Personal information
- Full name: Claude Henry St Leonard Toovey
- Date of birth: 24 November 1896
- Place of birth: Parkside, South Australia
- Date of death: 28 January 1978 (aged 81)
- Place of death: South Australia
- Original team(s): Norwood, Ballarat
- Height: 178 cm (5 ft 10 in)
- Weight: 69 kg (152 lb)

Playing career^{1}
- Years: Club / Games (Goals)
- 1919–22: Norwood / 33 (3)
- 1923 & 26: South Ballarat / ?
- 1924-25: Birchip / ?
- 1927: Fitzroy / 15 (0)
- 1928: Nhill / ?
- ^{1} Playing statistics correct to the end of 1927.

Career highlights
- 1922 Norwood premiership player; 1924 - Birchip premiership captain-coach; 1926 - South Ballarat premiership player;

= Claude Toovey =

Australian rules footballer

Claude Henry St Leonard Toovey (24 November 1896 – 28 January 1978) was an Australian rules footballer who played with Fitzroy in the Victorian Football League (VFL).
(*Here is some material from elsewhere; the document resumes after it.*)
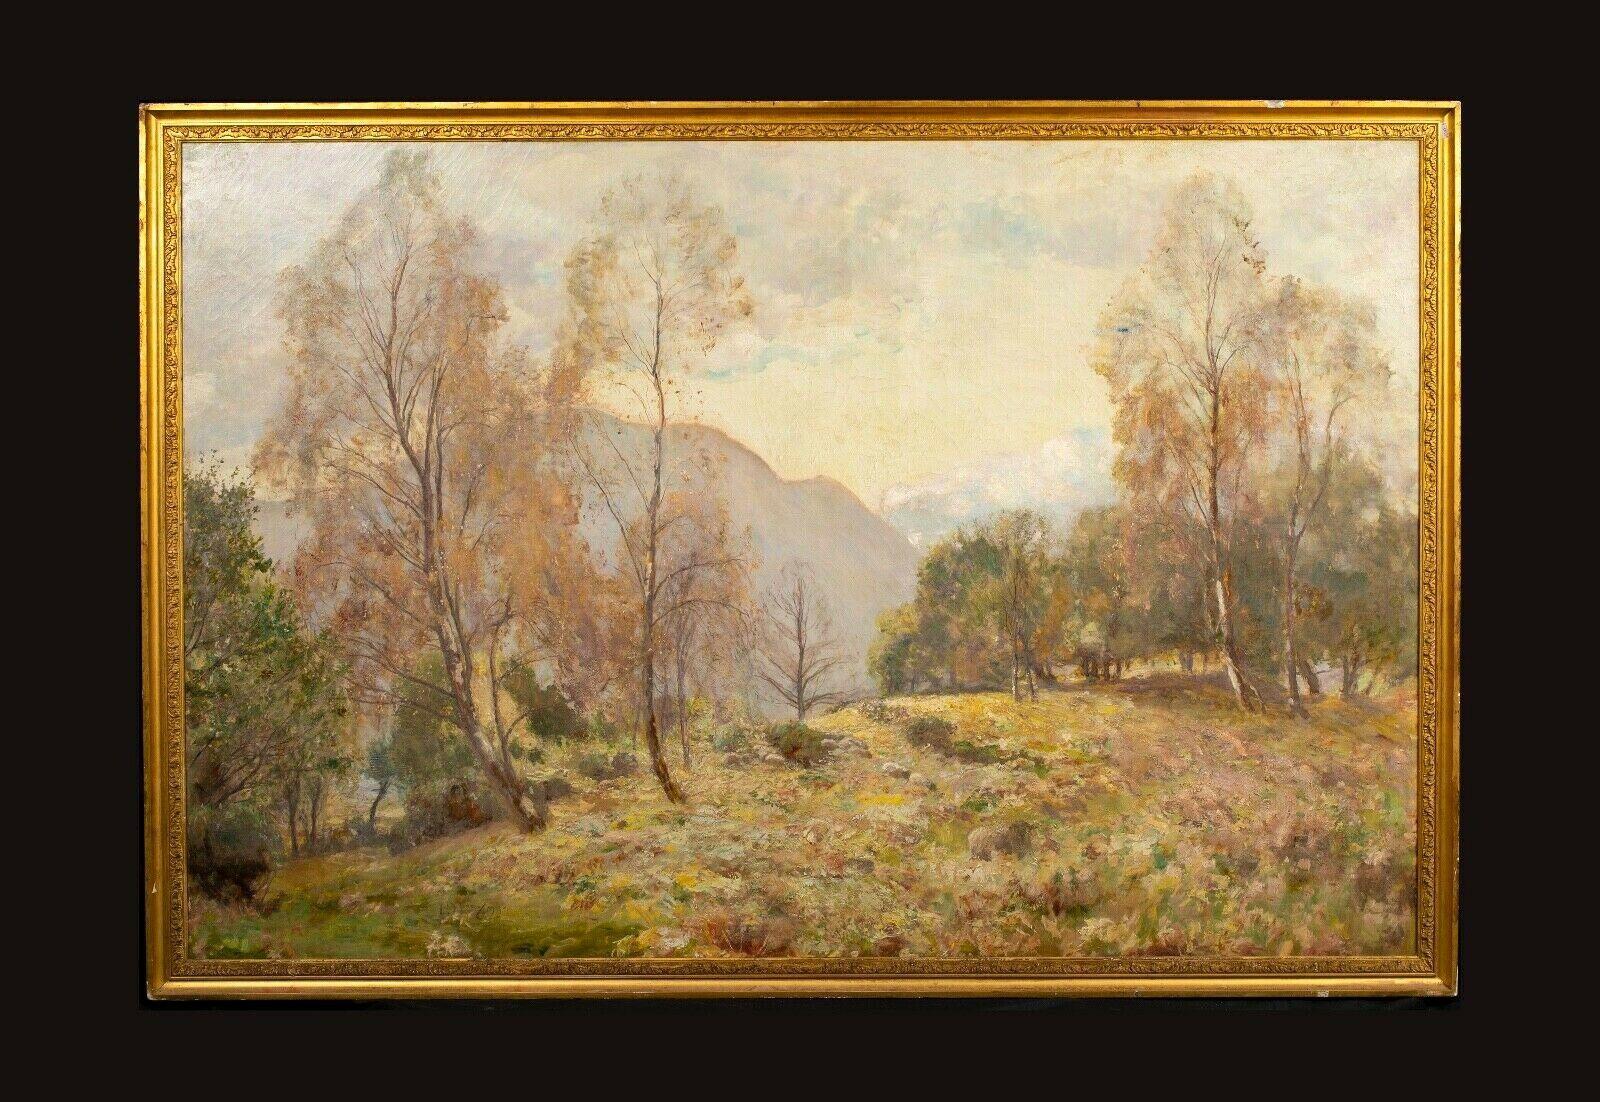 No. 4 The Birk And The Bracken, dated 1913 - Painting by Sir David Murray

In 1923, Toovey was captain coach of South Ballarat Football Club, who lost the grand final by one point to Ballarat Football Club.

In 1923, Toovey was named the Ballarat FL's champion player by The Ballarat Star newspaper.

In 1924, Toovey continued on as captain-coach of South Ballarat on a Saturday and then also accepted a position as coach of Birchip Football Club in the Wimmera Football League, as they play on a Wednesday.

Toovey went onto captain-coach Nhill Football Club in 1928.